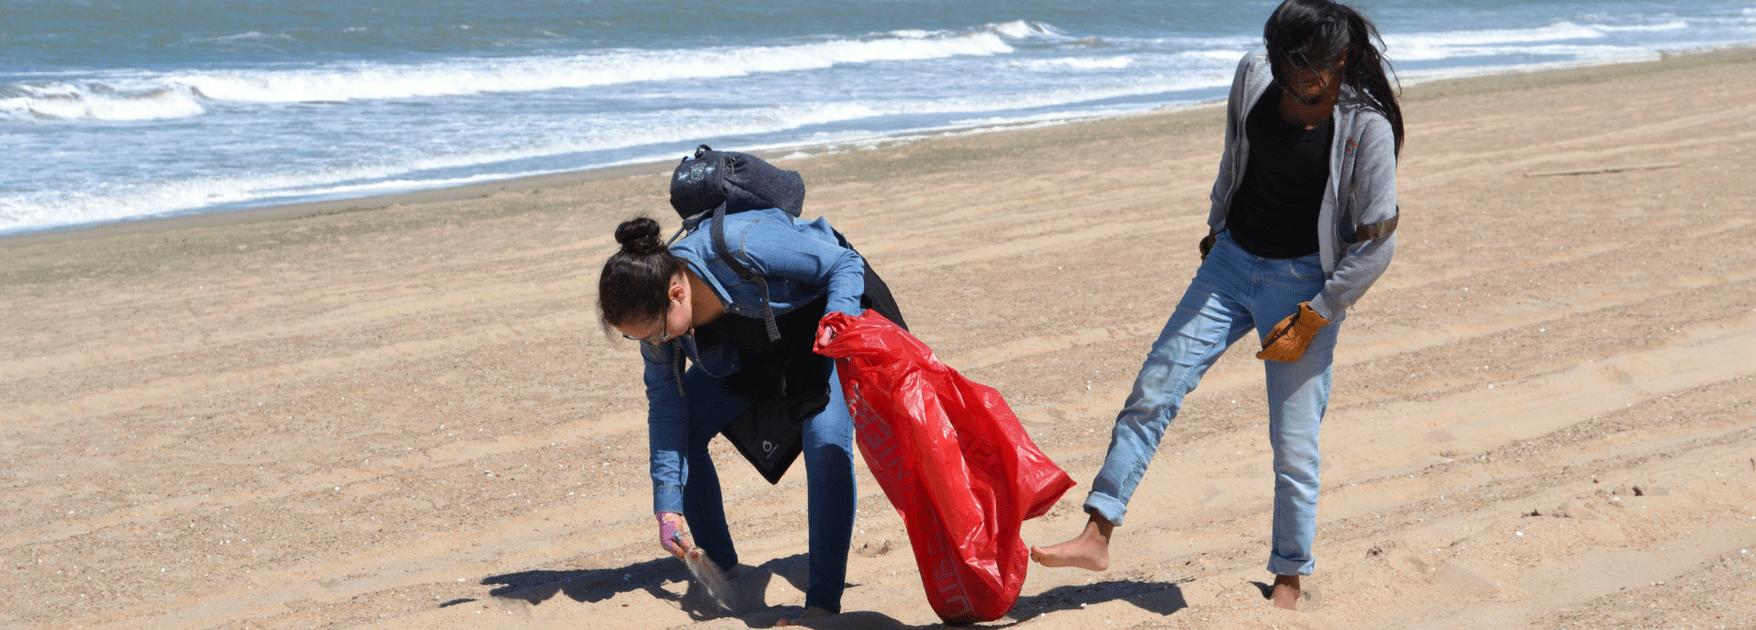 hero-banner-knoke-beach
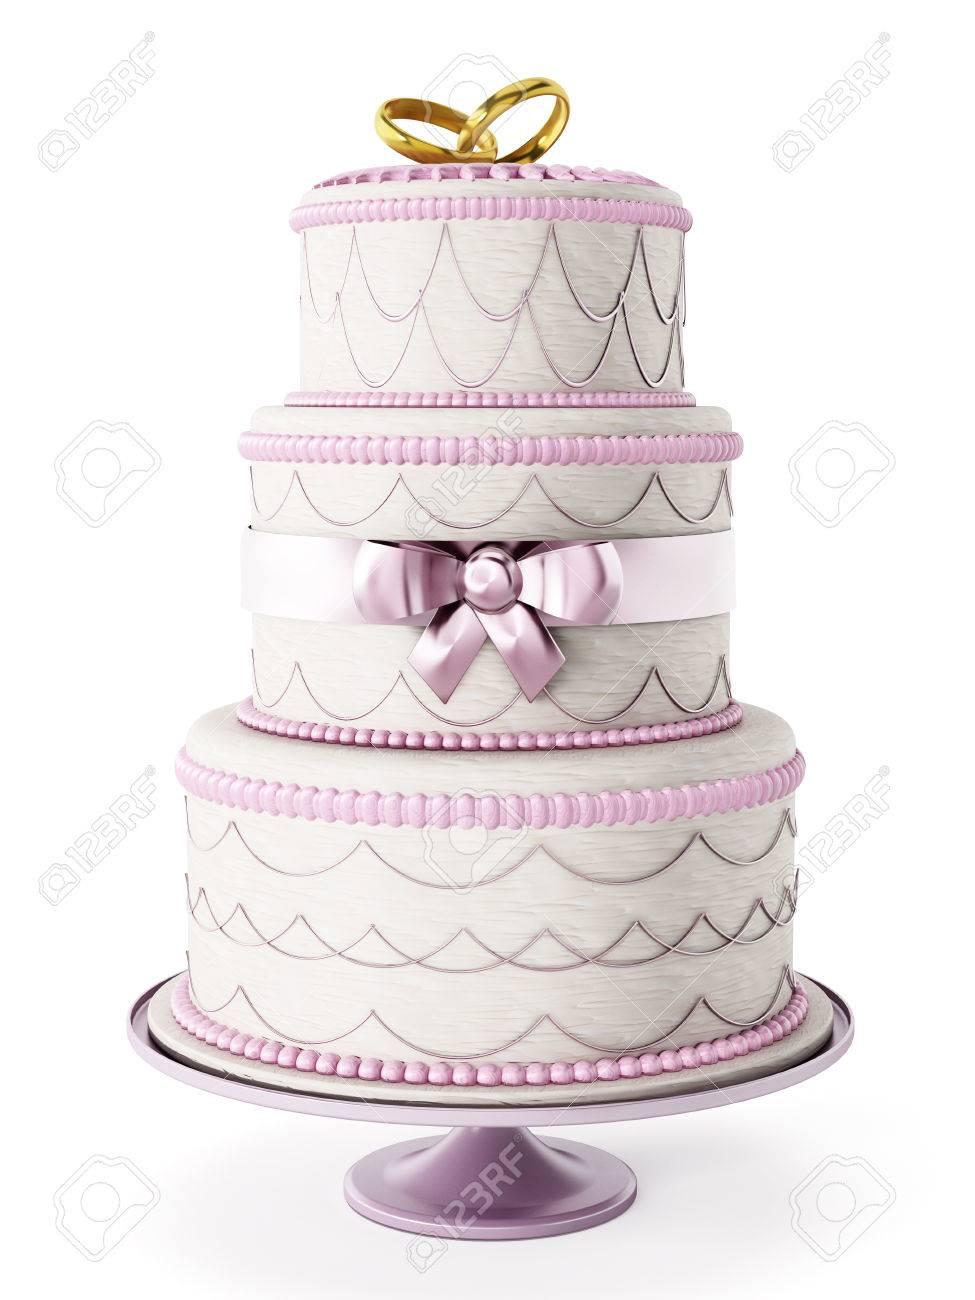 Wedding cake isolated on white background Stock Photo - 44709509
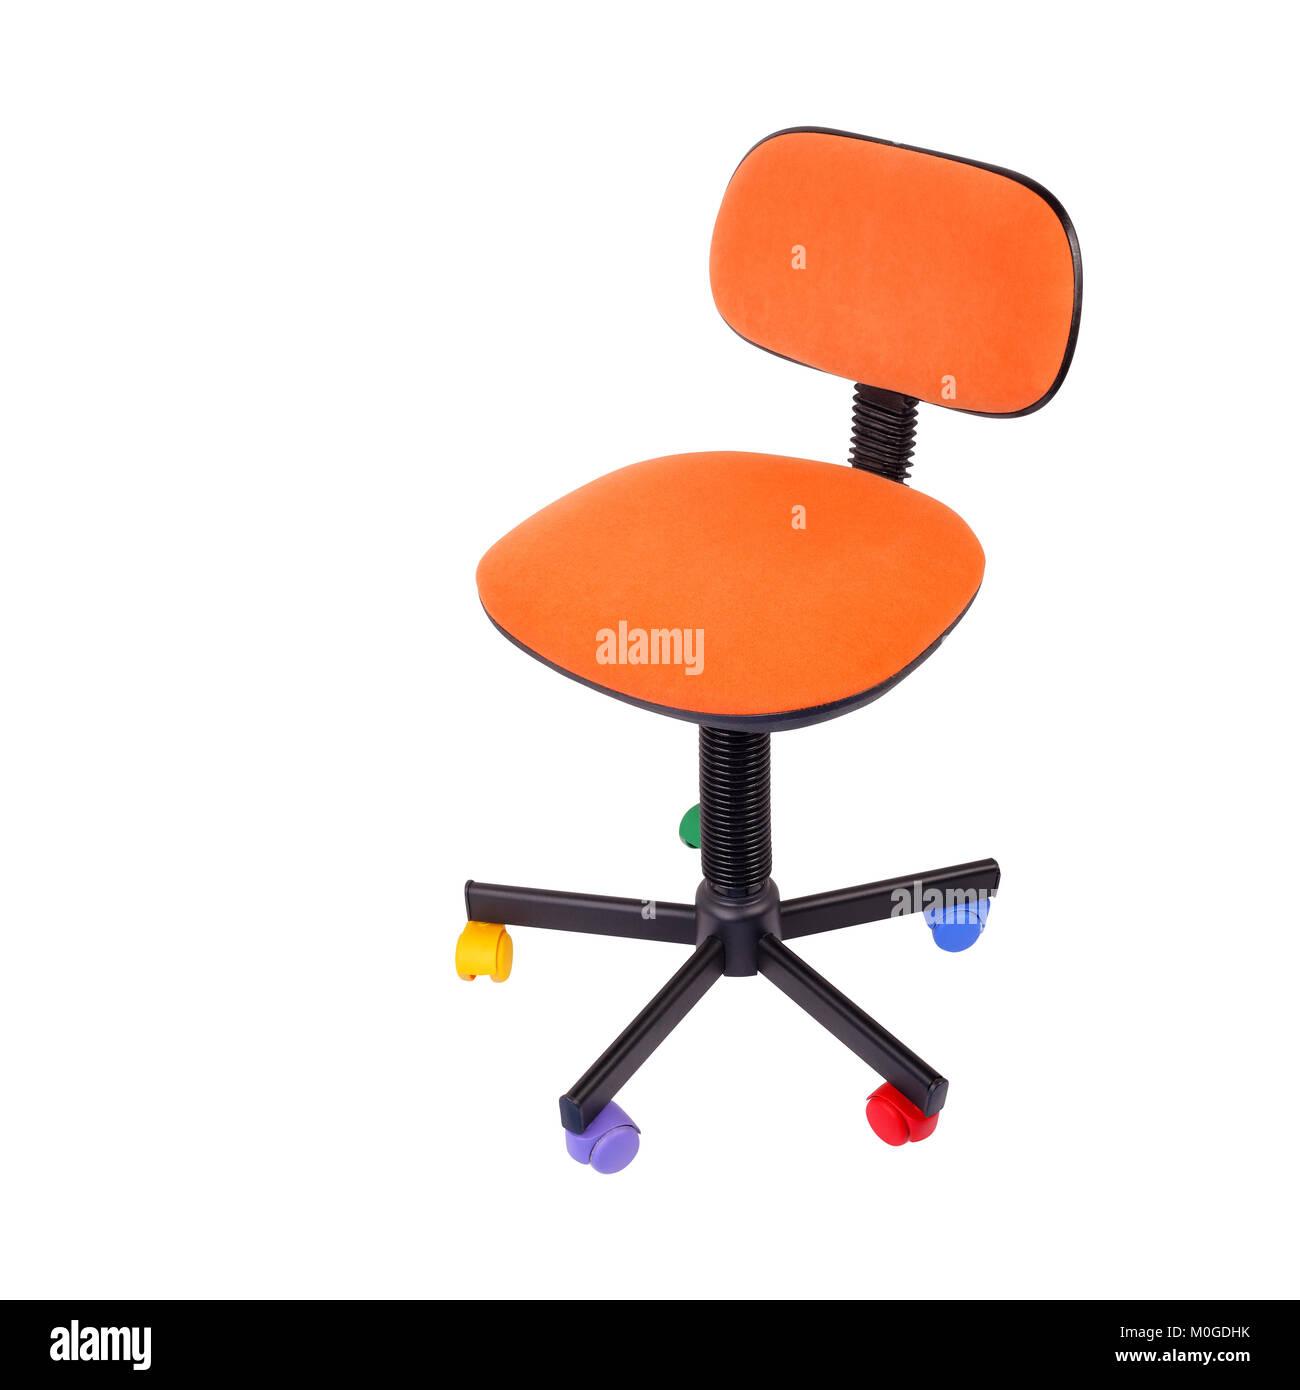 Sedie Da Ufficio Arancione.Mobili Per Ufficio Arancione Bambino Ufficio Sedia Computer

Exercise – The material must be returned exactly, with its pictures omitted.

Your solution –
 hero-banner-knoke-beach
 Wedding cake isolated on white background Stock Photo - 44709509
 Sedie Da Ufficio Arancione.Mobili Per Ufficio Arancione Bambino Ufficio Sedia Computer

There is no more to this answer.